:: EXTRACTED MATERIAL ::
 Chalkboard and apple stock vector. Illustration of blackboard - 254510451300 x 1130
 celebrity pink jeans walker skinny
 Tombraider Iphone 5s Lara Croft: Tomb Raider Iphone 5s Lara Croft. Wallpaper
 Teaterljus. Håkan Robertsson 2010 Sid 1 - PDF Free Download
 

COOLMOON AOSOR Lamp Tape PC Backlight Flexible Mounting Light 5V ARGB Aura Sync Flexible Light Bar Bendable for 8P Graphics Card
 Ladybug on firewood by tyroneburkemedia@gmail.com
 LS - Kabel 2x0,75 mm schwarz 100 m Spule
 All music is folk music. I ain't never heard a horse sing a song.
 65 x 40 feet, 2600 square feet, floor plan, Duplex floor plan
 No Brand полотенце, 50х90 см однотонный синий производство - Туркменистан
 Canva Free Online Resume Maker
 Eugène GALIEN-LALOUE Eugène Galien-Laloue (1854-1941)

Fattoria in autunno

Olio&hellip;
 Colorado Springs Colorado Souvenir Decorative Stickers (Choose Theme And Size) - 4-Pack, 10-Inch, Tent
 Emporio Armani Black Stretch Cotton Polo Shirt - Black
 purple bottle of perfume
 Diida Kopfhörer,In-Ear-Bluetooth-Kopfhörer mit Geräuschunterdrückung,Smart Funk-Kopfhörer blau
:::
▸ WORK INSTRUCTIONS: No lines before the one containing "All music is" belong in the answer; write out that line and each one after it exactly, through the end of the records.

▸ ANSWER SECTION:
 All music is folk music. I ain't never heard a horse sing a song.
 65 x 40 feet, 2600 square feet, floor plan, Duplex floor plan
 No Brand полотенце, 50х90 см однотонный синий производство - Туркменистан
 Canva Free Online Resume Maker
 Eugène GALIEN-LALOUE Eugène Galien-Laloue (1854-1941)

Fattoria in autunno

Olio&hellip;
 Colorado Springs Colorado Souvenir Decorative Stickers (Choose Theme And Size) - 4-Pack, 10-Inch, Tent
 Emporio Armani Black Stretch Cotton Polo Shirt - Black
 purple bottle of perfume
 Diida Kopfhörer,In-Ear-Bluetooth-Kopfhörer mit Geräuschunterdrückung,Smart Funk-Kopfhörer blau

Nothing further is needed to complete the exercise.